→ **What the exercise asks**: Print only what runs from the line that includes "Giantex 7.2 Ft" to the end of the listing, word for word, and do not include any pictures.

→ **Provided material**:
^^^^^^^^^^^^^^^^

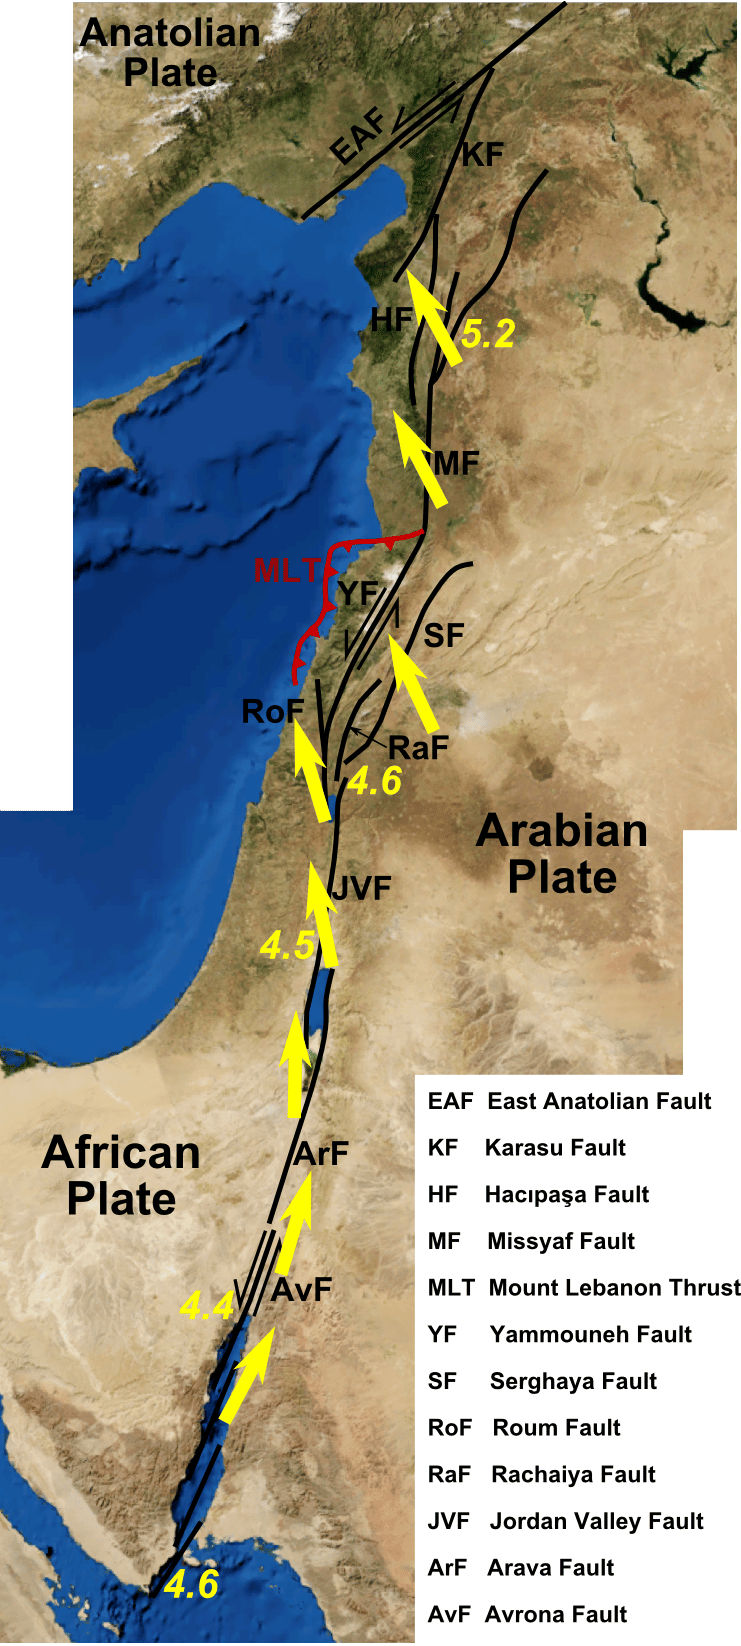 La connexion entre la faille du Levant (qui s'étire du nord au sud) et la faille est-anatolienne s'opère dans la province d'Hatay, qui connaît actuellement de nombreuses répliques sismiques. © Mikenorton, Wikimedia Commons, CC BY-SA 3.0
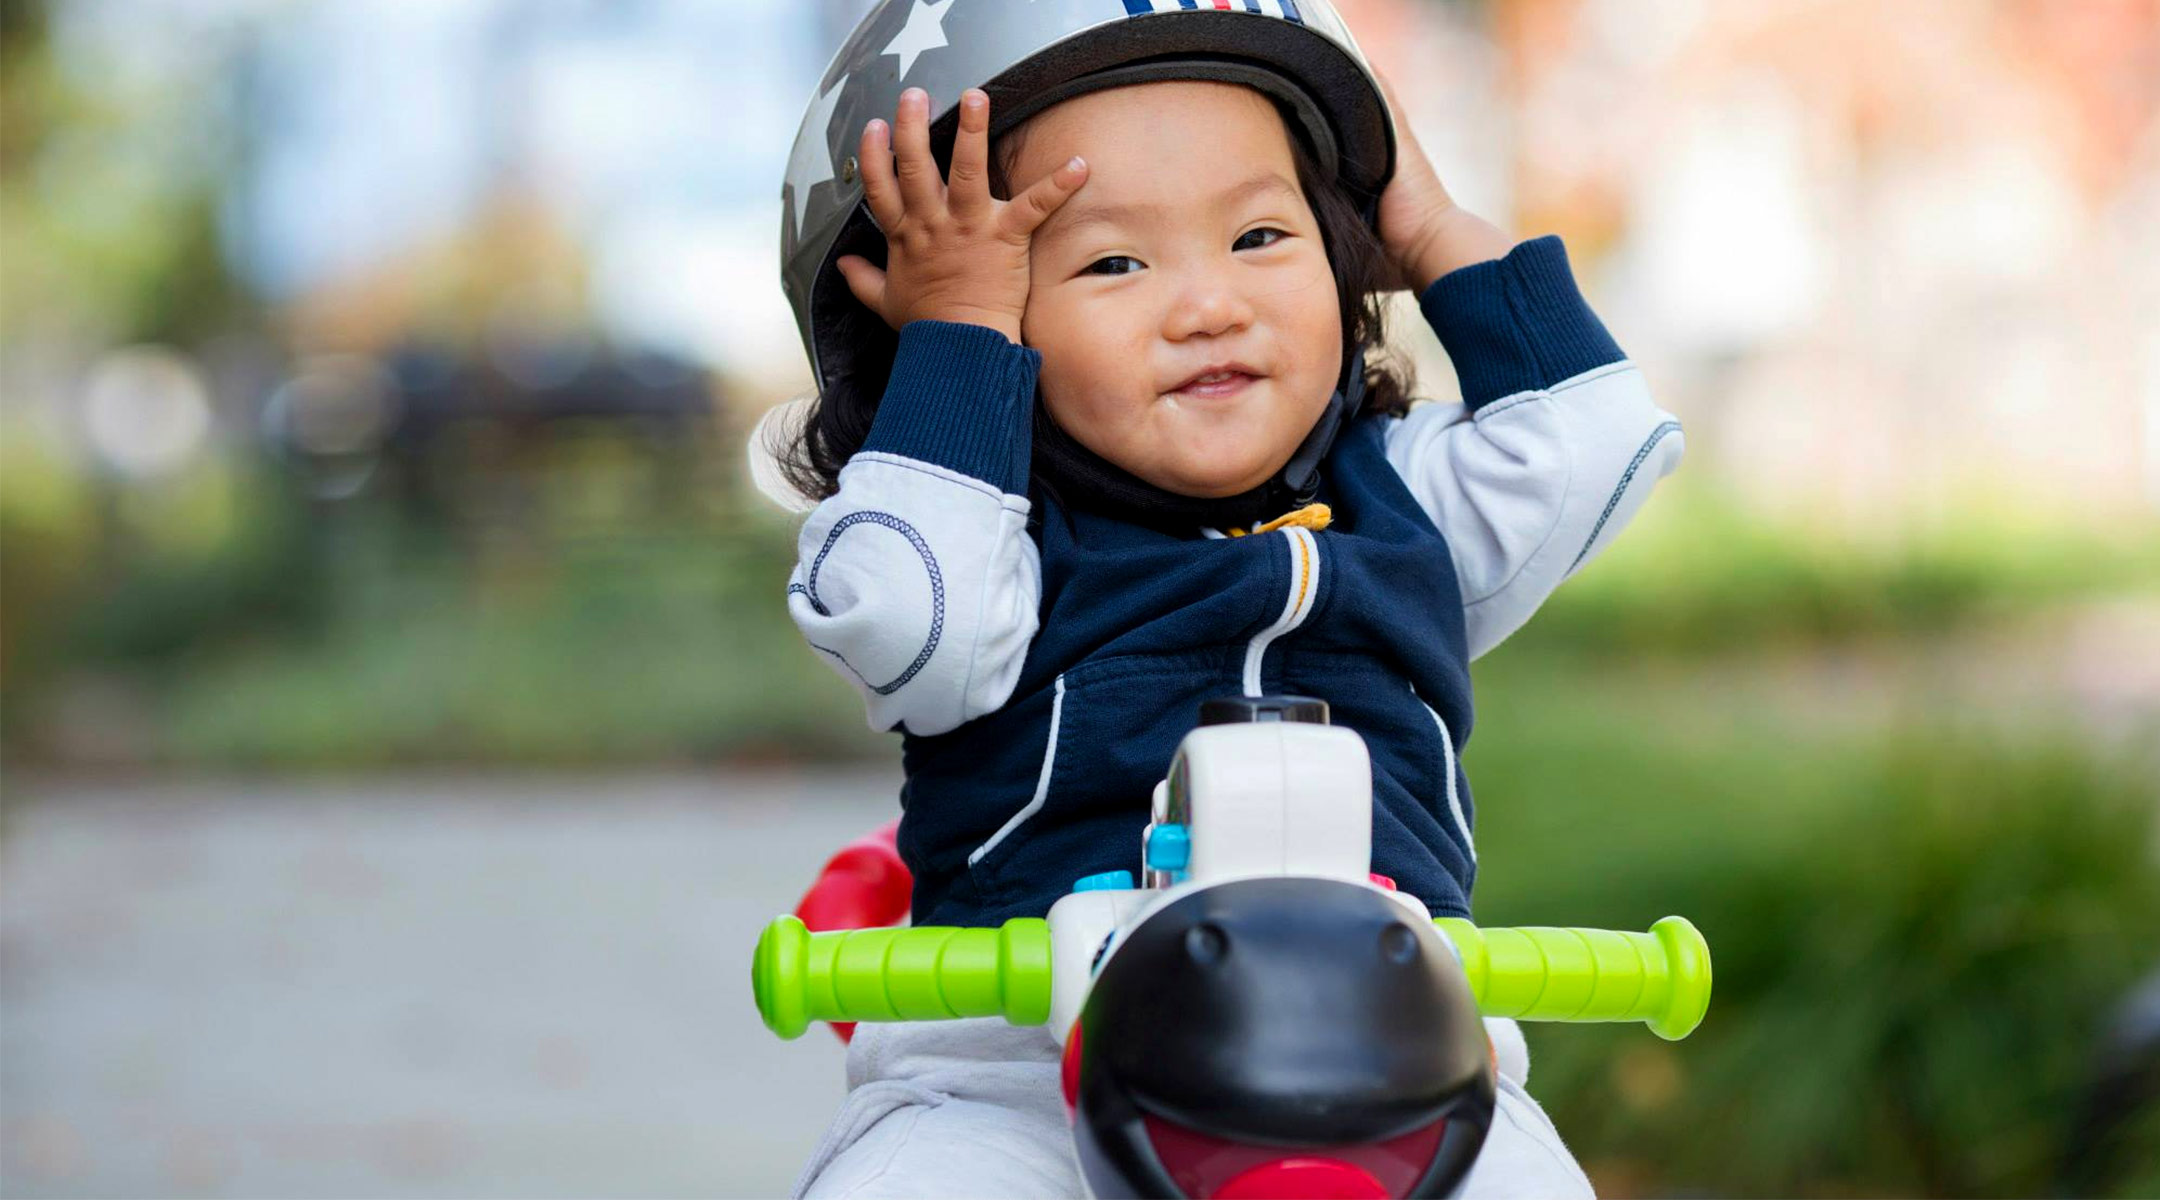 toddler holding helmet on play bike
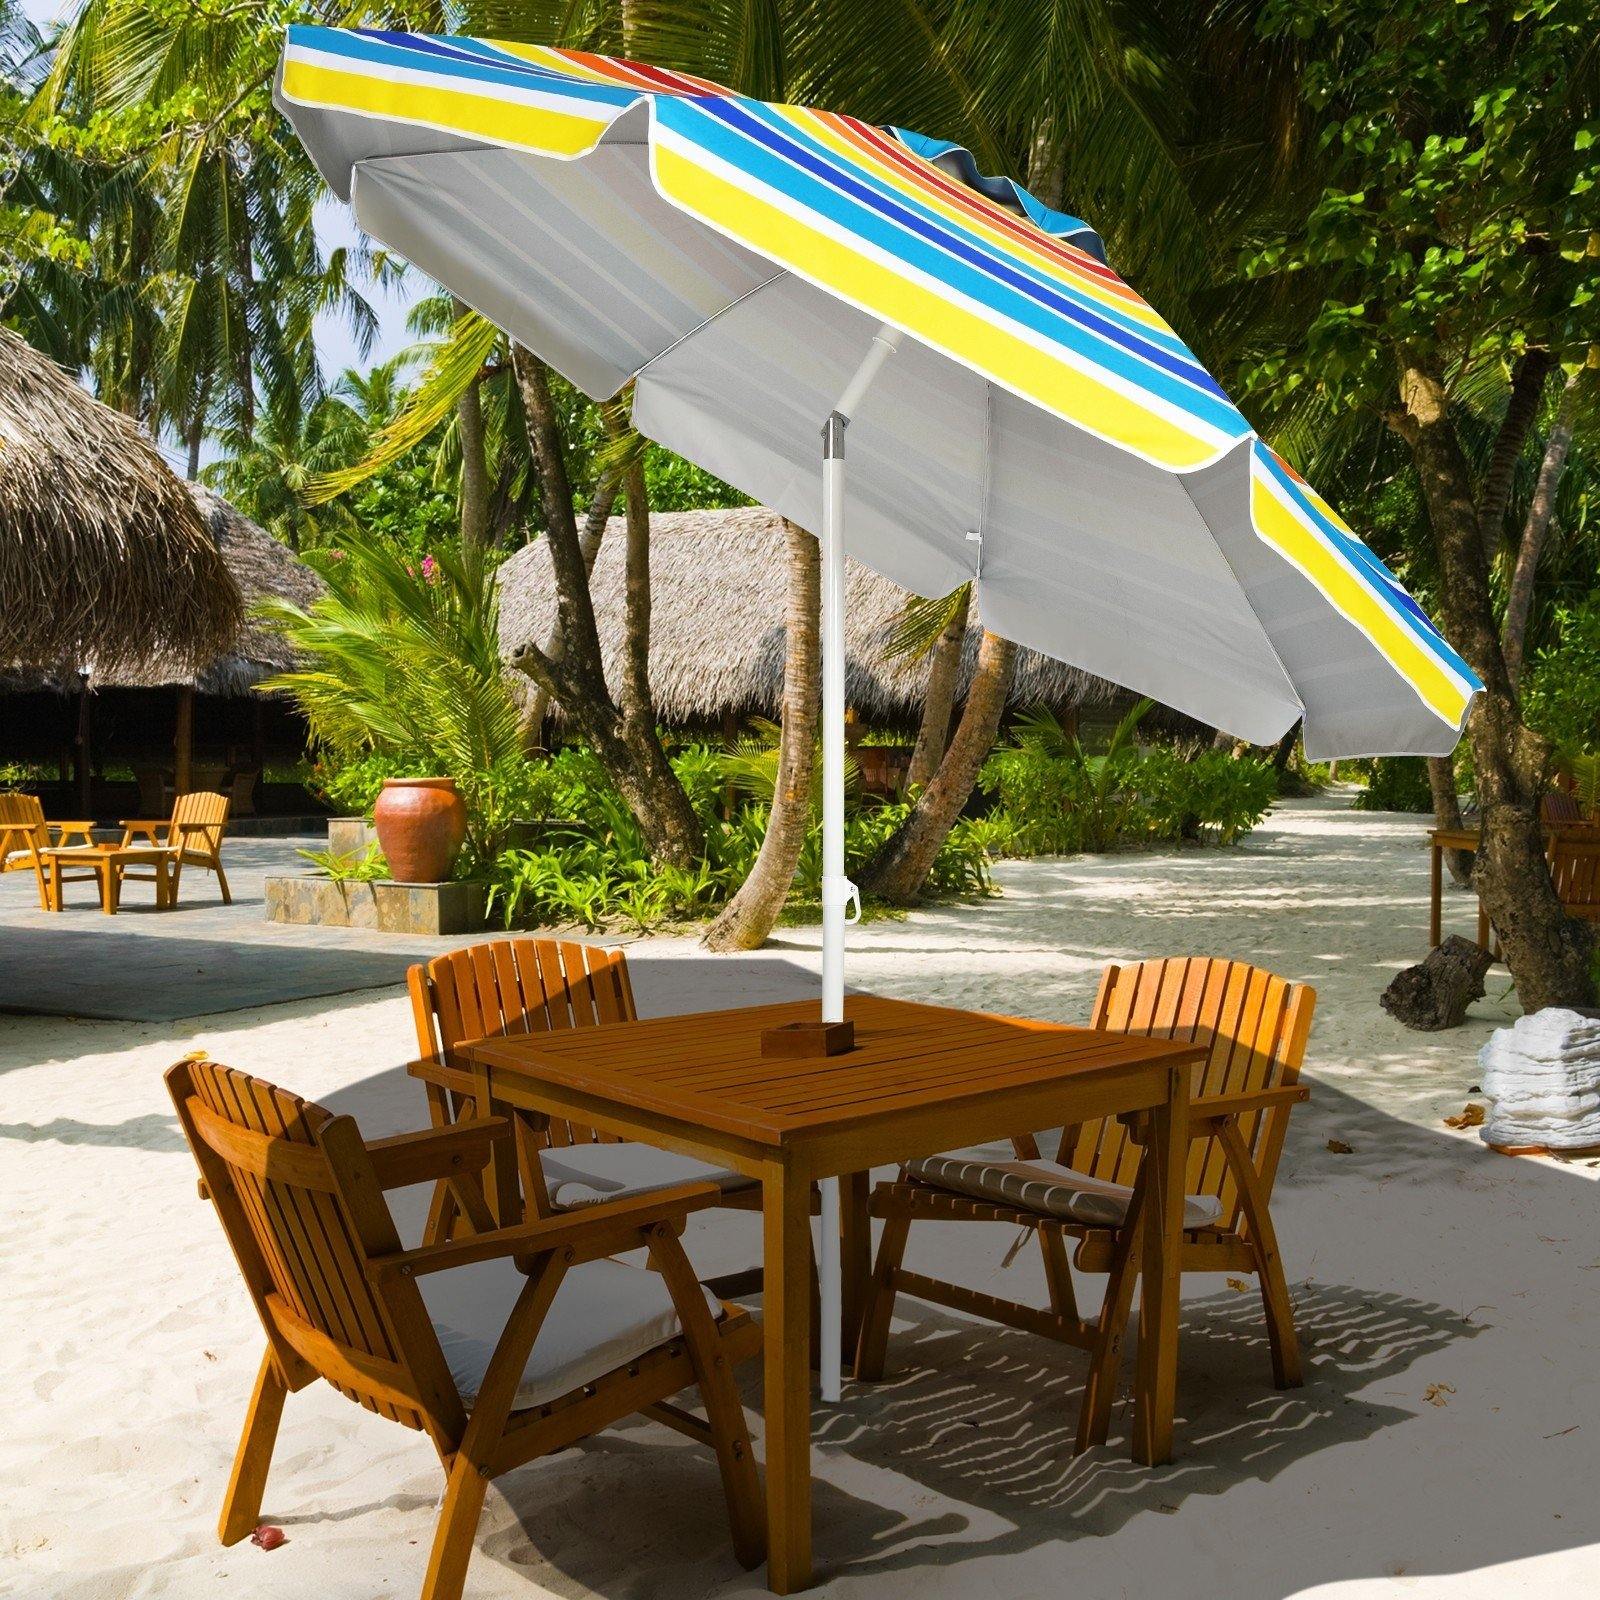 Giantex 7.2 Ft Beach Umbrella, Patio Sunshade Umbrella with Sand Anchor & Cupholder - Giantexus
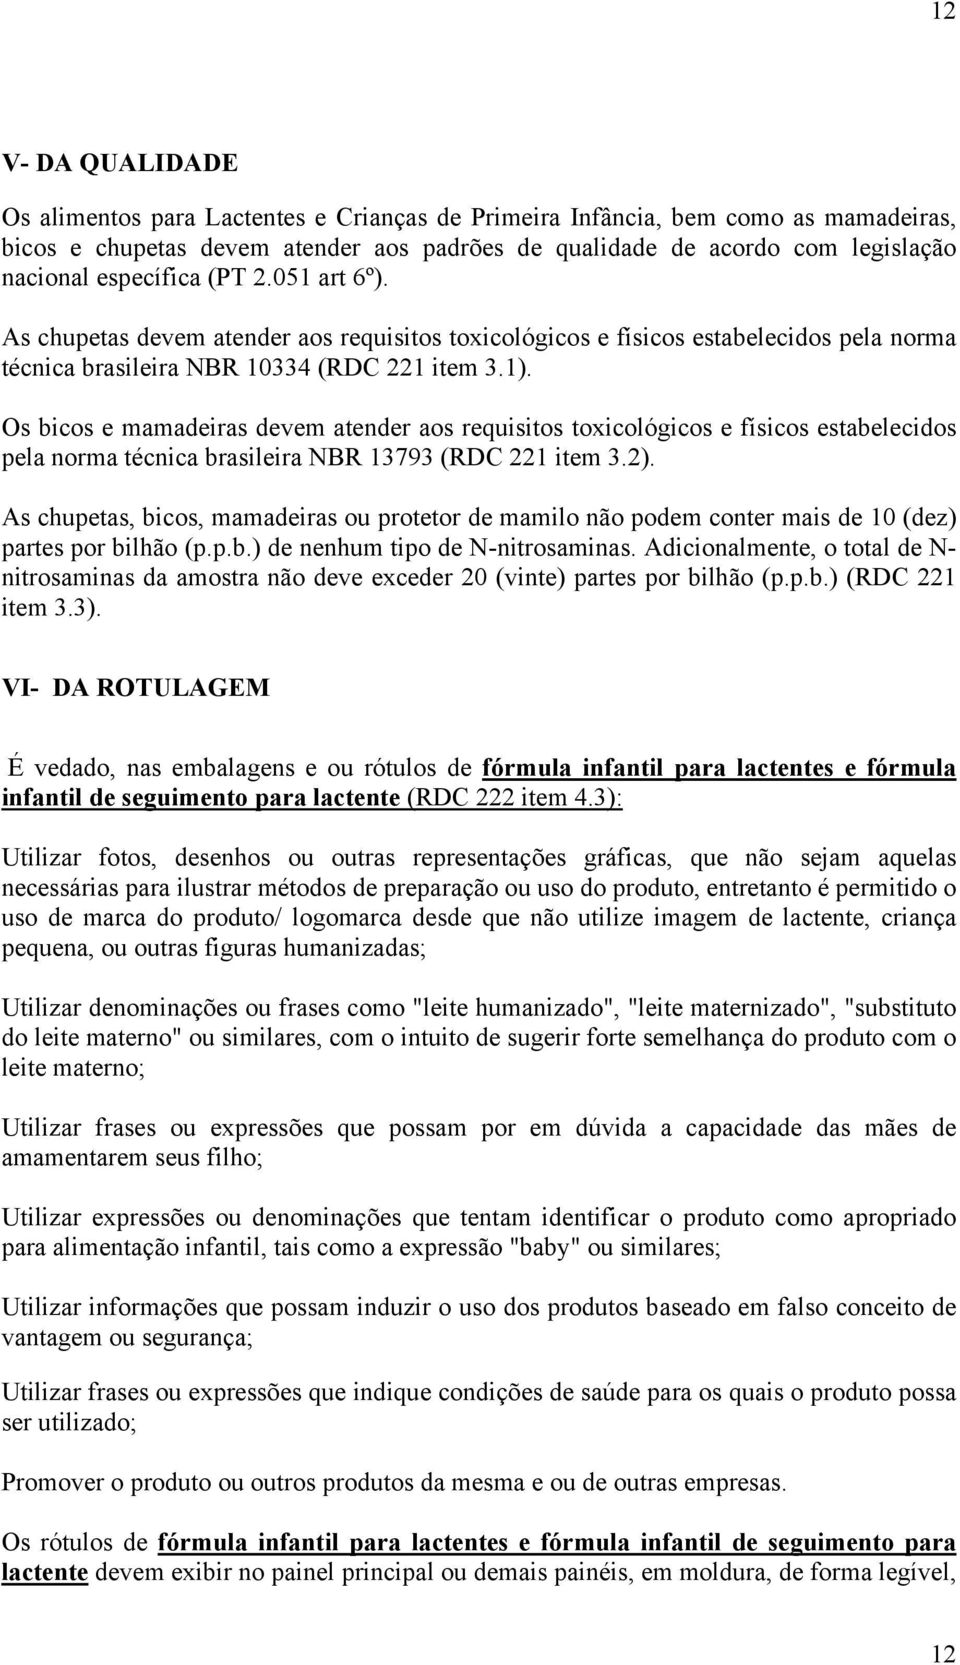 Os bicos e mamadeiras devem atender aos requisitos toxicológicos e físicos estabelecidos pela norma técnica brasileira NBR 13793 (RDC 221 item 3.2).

^^^^^^^^^^^^^^^^

→ **Solved exercise**:
 Giantex 7.2 Ft Beach Umbrella, Patio Sunshade Umbrella with Sand Anchor & Cupholder - Giantexus
 Os bicos e mamadeiras devem atender aos requisitos toxicológicos e físicos estabelecidos pela norma técnica brasileira NBR 13793 (RDC 221 item 3.2).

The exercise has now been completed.